Thousands of people joined a Muslim community rally against Islamophobia in Berlin Tuesday, where Chancellor Angela Merkel said her government would do everything in its power to fight intolerance amid a growing anti-Islamic movement in the country.
 
Merkel used the occasion to deliver her strongest condemnation yet of Germany's new right-wing movement the "Patriotic Europeans Against the Islamisation of the Occident", or PEGIDA.
 
“What we need to do now is to use all the means at our disposal … to combat intolerance and violence,” Merkel said.
 
“To exclude groups of people because of their faith, this isn’t worthy of the free state in which we live. It isn’t compatible with our essential values. And it’s humanly reprehensible.
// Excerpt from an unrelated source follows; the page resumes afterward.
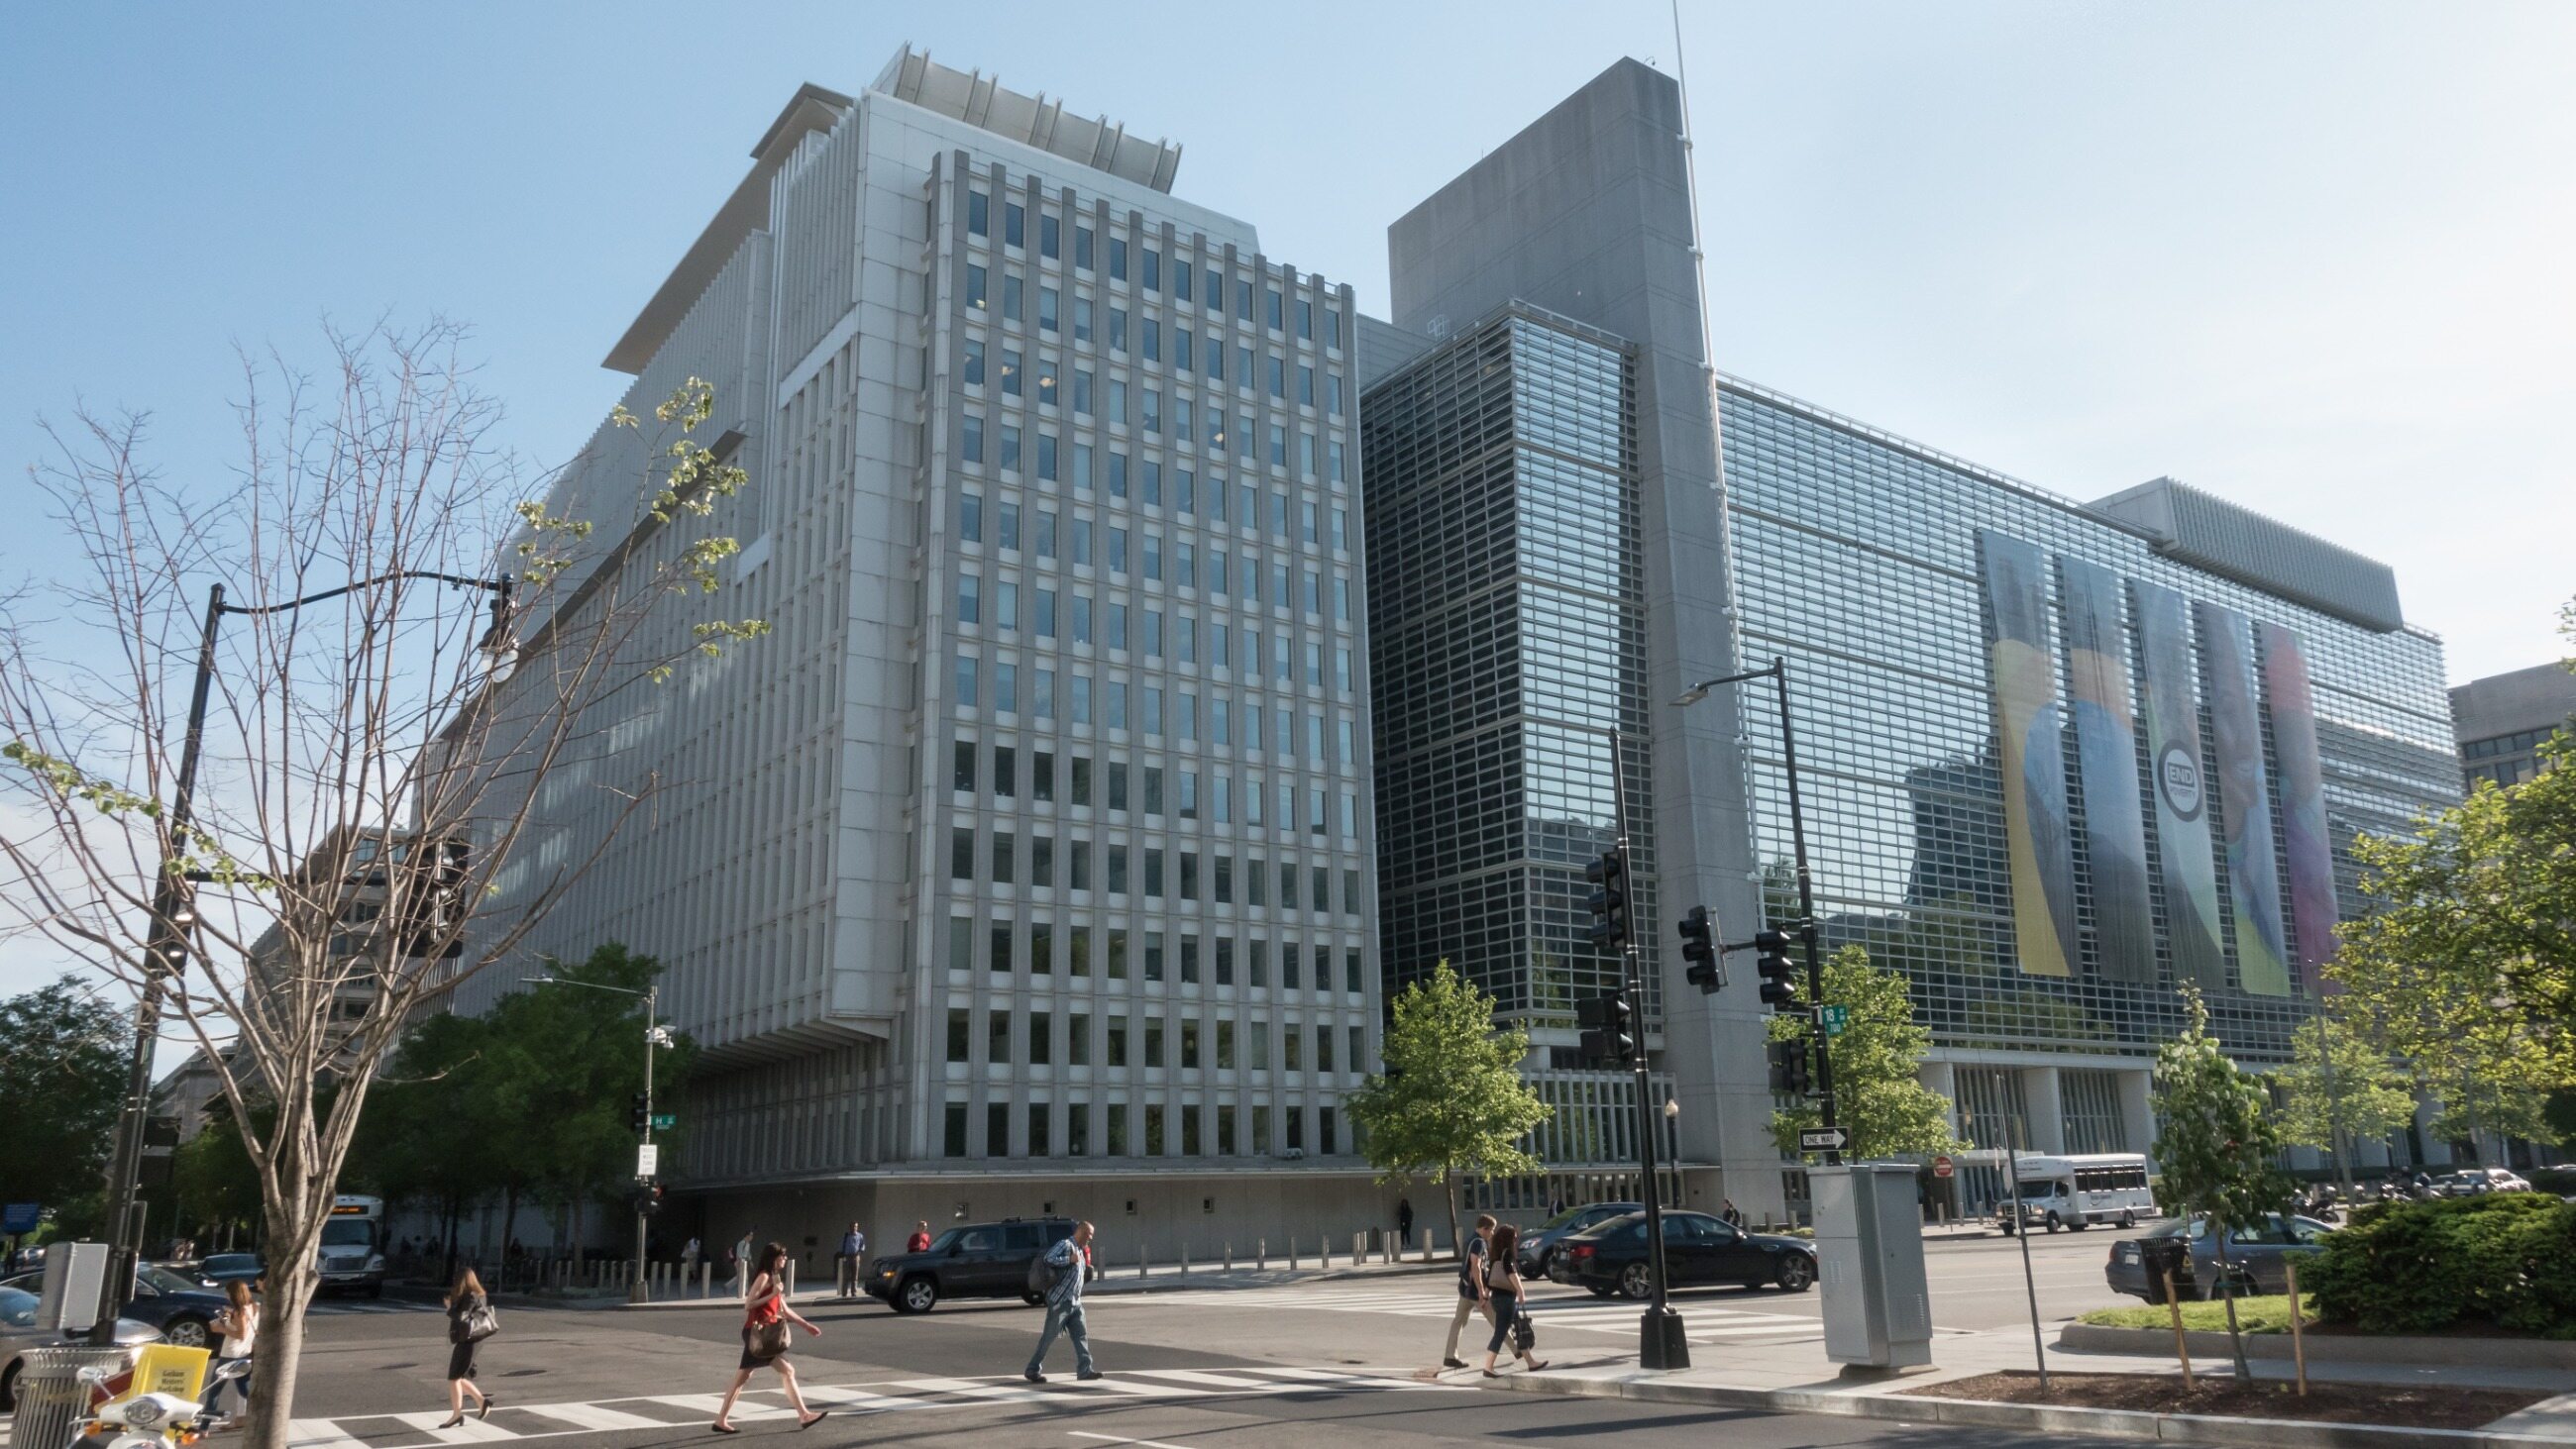 1 всемирный банк. Всемирного банка (the World Bank). Всемирный банк Вашингтон. Группа Всемирного банка штаб квартира. Штаб-квартира Всемирного банка в Вашингтоне.

Xenophobia, racism, extremism have no place here,” she added.
 
Marchers also held a vigil for the victims of the Paris terrorist attacks last week that claimed 17 lives.
 
Declaring in French “I am Jewish, I am Muslim”, Aiman Mazyek, head of the German Council of Muslims, told the rally: “We stand together for a Germany that is open to the world, with a big heart, which honours freedom of opinion, of the press and of religion.” Christian and Jewish leaders also spoke.
 
Merkel and half of her cabinet were among the guests at a wreath-laying ceremony outside the French embassy and listened as an Imam recited Koranic verses condemning the taking of life.
 
‘Islam is part of Germany’
 
Monday night saw PEGIDA hold a rally in the city of Dresden that attracted 25,000 marchers, calling for stricter immigration rules and an end to multiculturalism in Germany, home to 4 million Muslims, most of Turkish origin.
 
Founded on Facebook and launched with several hundred people in October, the group has grown week by week and spawned smaller copycat groups nationwide, provoking much soul-searching in a country haunted by its history of Nazi terror and the Holocaust.
 
Across Germany, 100,000 people took to the streets in counter-demonstrations Monday night, voicing support for multiculturalism and Germany's Muslim community.
 
Merkel, who is often known to avoid controversial issues, has weighed in strongly, condemning PEGIDA's leaders and stressing on Monday that "Islam is part of Germany" – a comment that was plastered on the front pages of leading newspapers.
 
But it drew criticism from a range of right-wing politicians, including members of Merkel’s CDU.
 
“What Islam does she mean? Does this include fundamental Islamist and Salafist currents?” said Wolfgang Bosbach, a veteran CDU lawmaker. “Germany has a Judeo-Christian, not an Islamic, cultural tradition.”
 
Bernd Lucke, a leader of the AfD party, said: “If we’re honest about it, Islam is foreign to Germany.”
 
A recent poll by the Bertelsmann Foundation showed 57 percent of non-Muslim Germans feel threatened by Islam. It was conducted before the attacks in Paris.
 
With one of the lowest birth rates in Europe, Germany faces a demographic crisis over the coming decade and Merkel’s government is encouraging immigration to combat this.
 
In 2013, Germany saw net immigration of 437,000 people, its highest level in 20 years. It also welcomed close to 200,000 asylum seekers last year, many from war-torn Syria.